What the task requires: Copy everything in the listing below word for word, apart from any images.

Provided data:

——————————

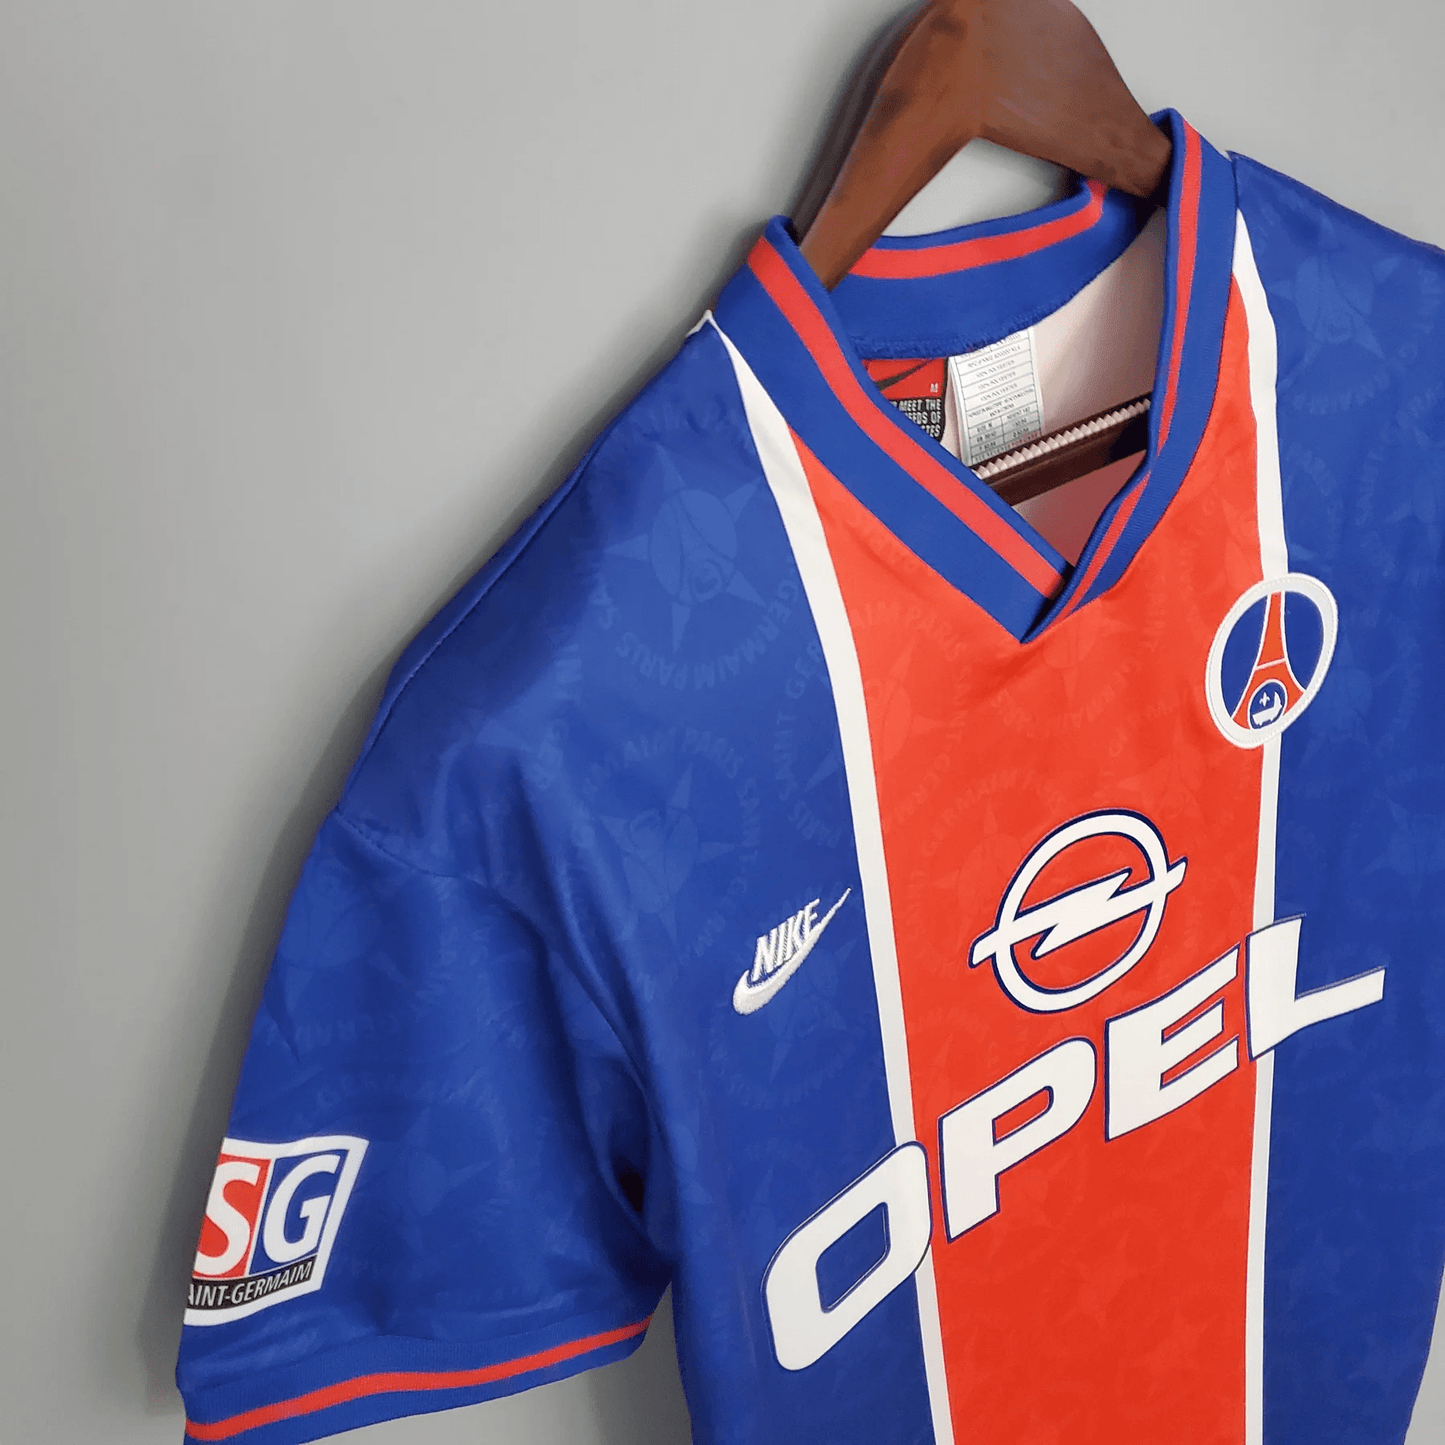 PSG PARIS SAINT GERMAIN 1995/96 Away Football Shirt M Soccer Jersey NIKE  #Nike #Jerseys
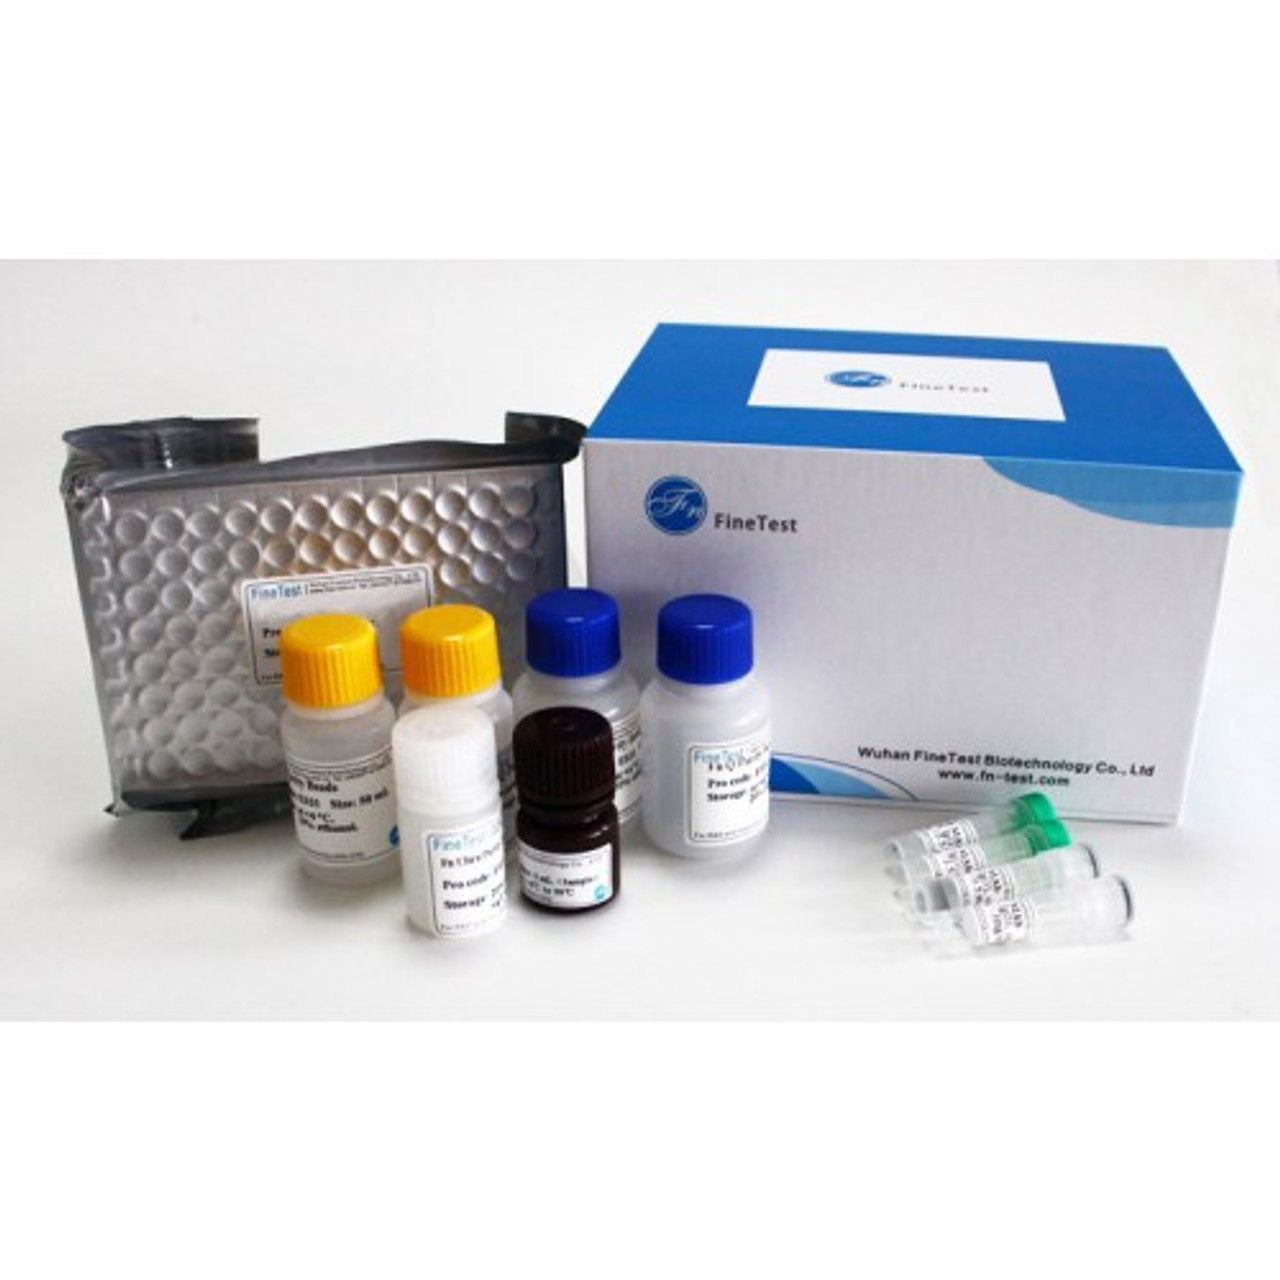 Human MCSFR(Macrophage Colony Stimulating Factor Receptor) ELISA Kit
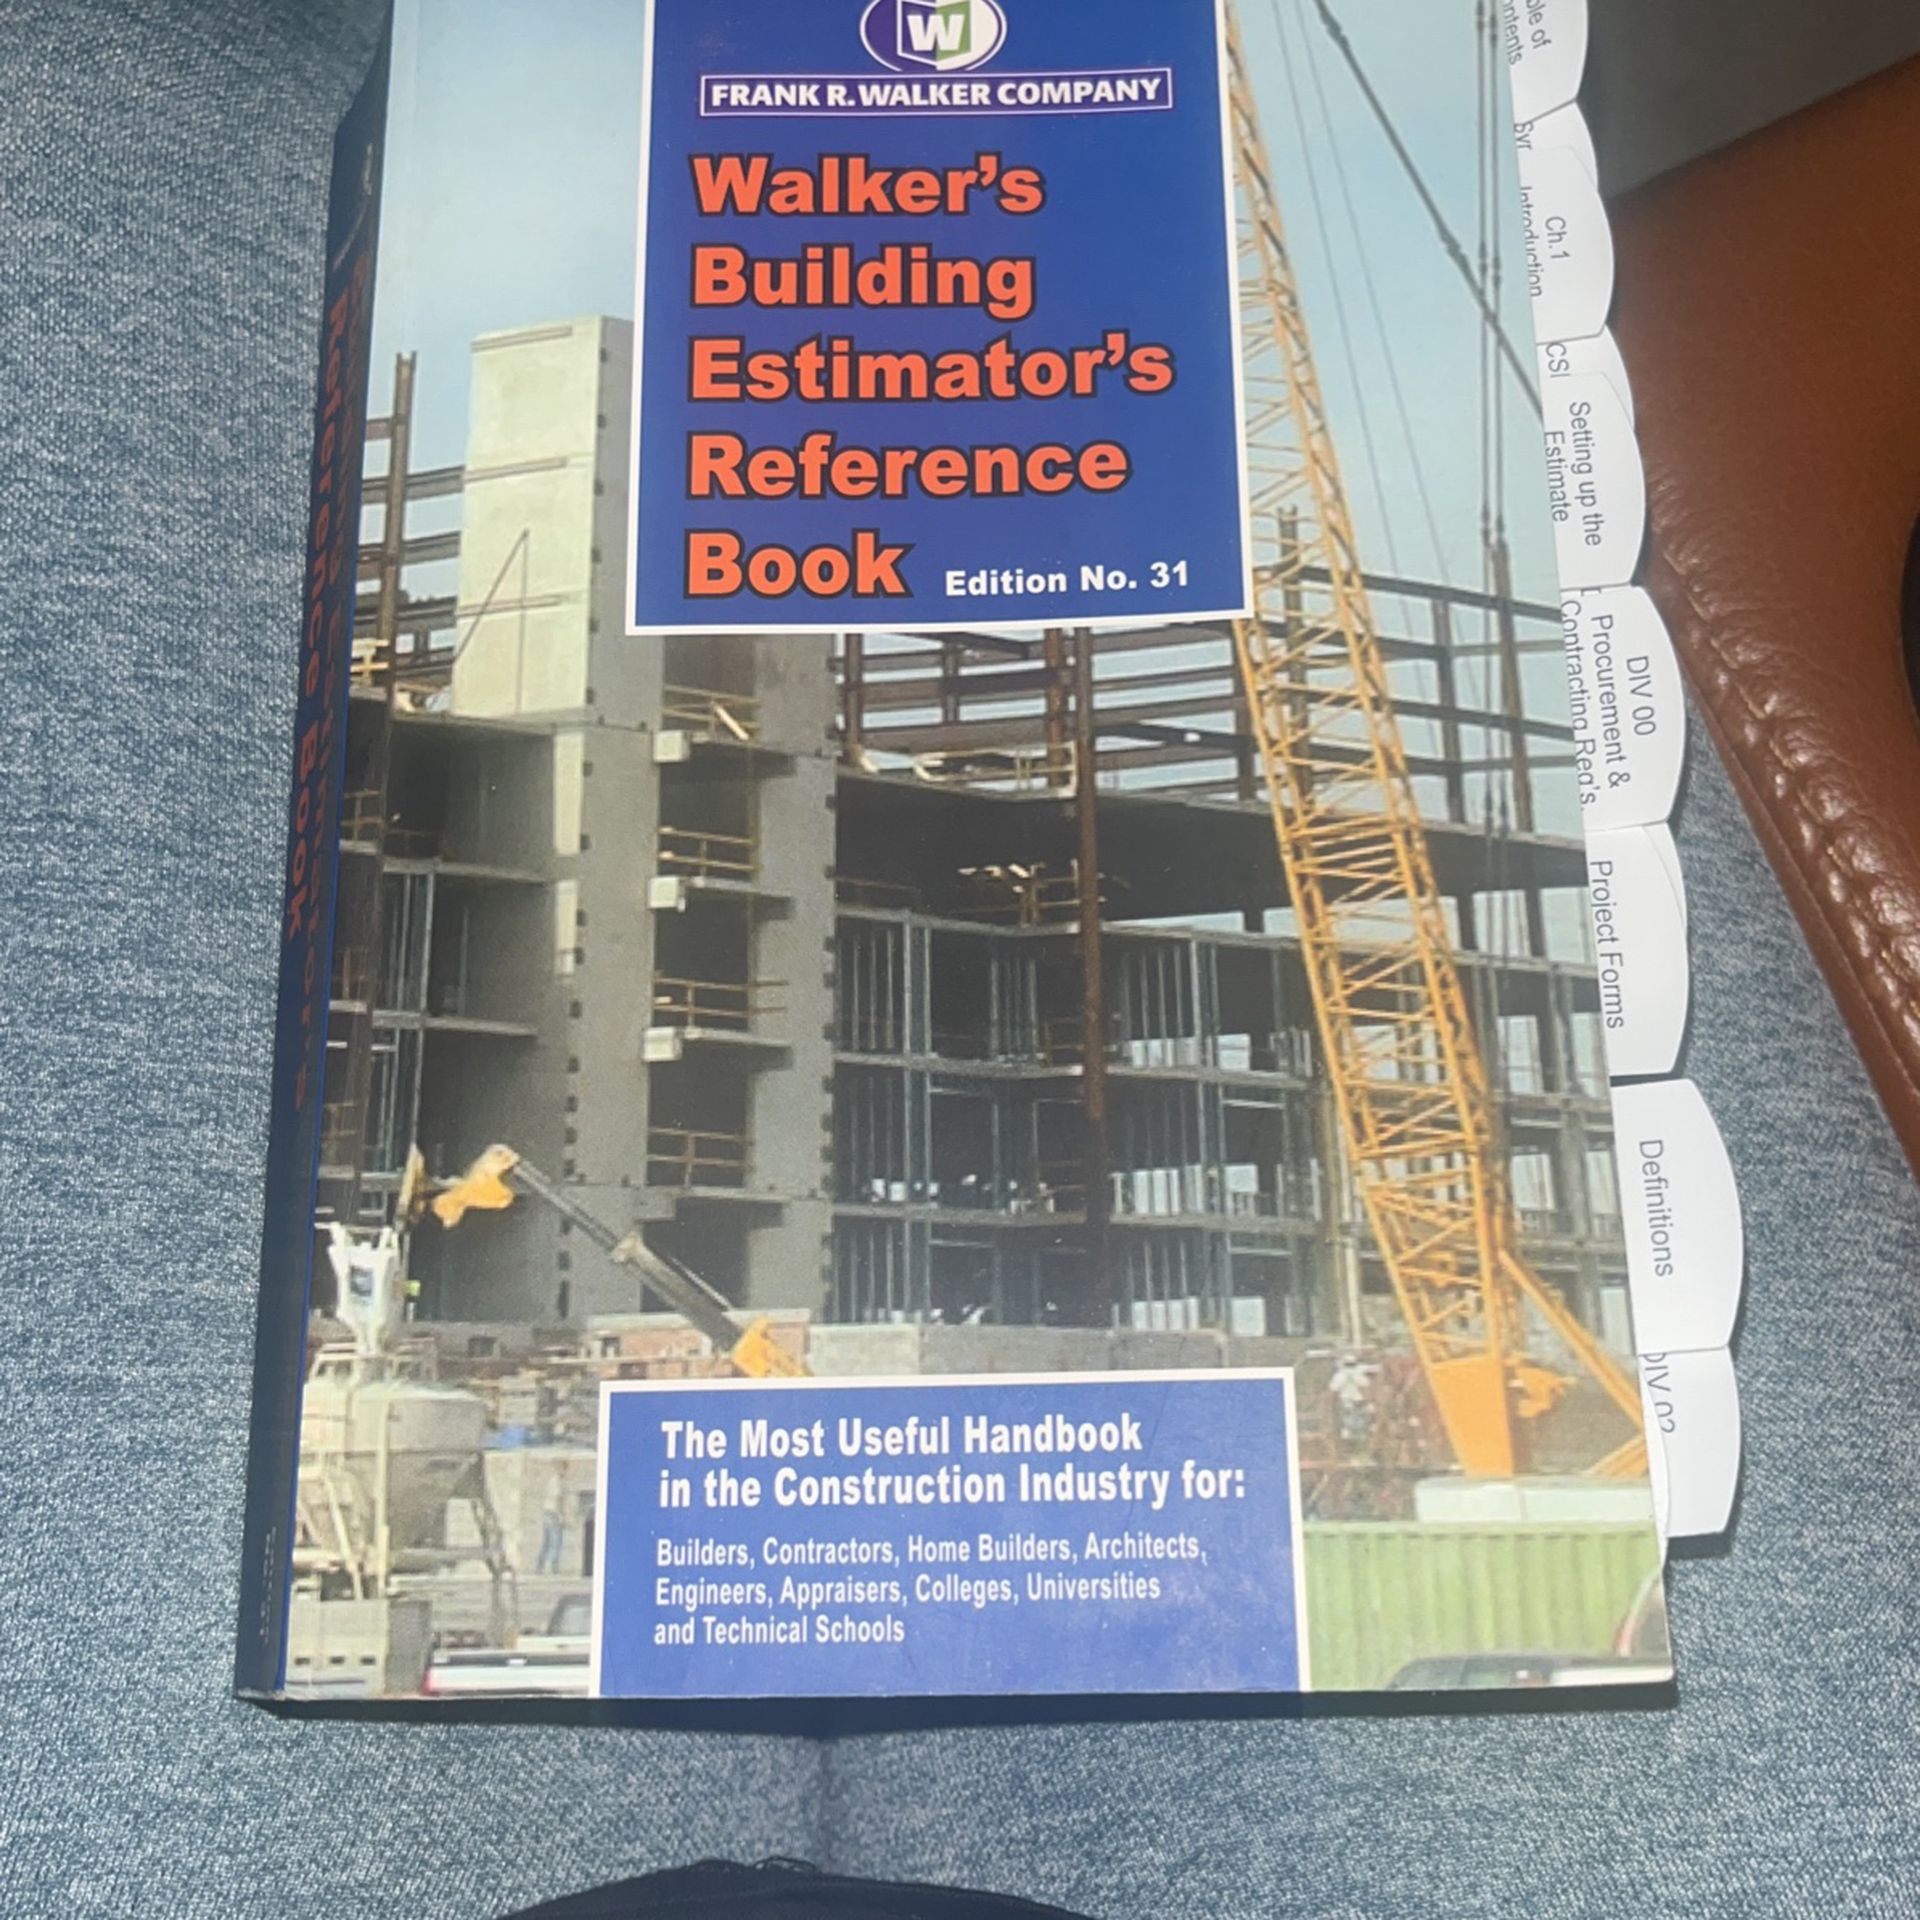 Walkers Building Estimator’s Reference Book Edition No.31

——————————

Finished task:
 PSG PARIS SAINT GERMAIN 1995/96 Away Football Shirt M Soccer Jersey NIKE  #Nike #Jerseys
 Human MCSFR(Macrophage Colony Stimulating Factor Receptor) ELISA Kit
 Walkers Building Estimator’s Reference Book Edition No.31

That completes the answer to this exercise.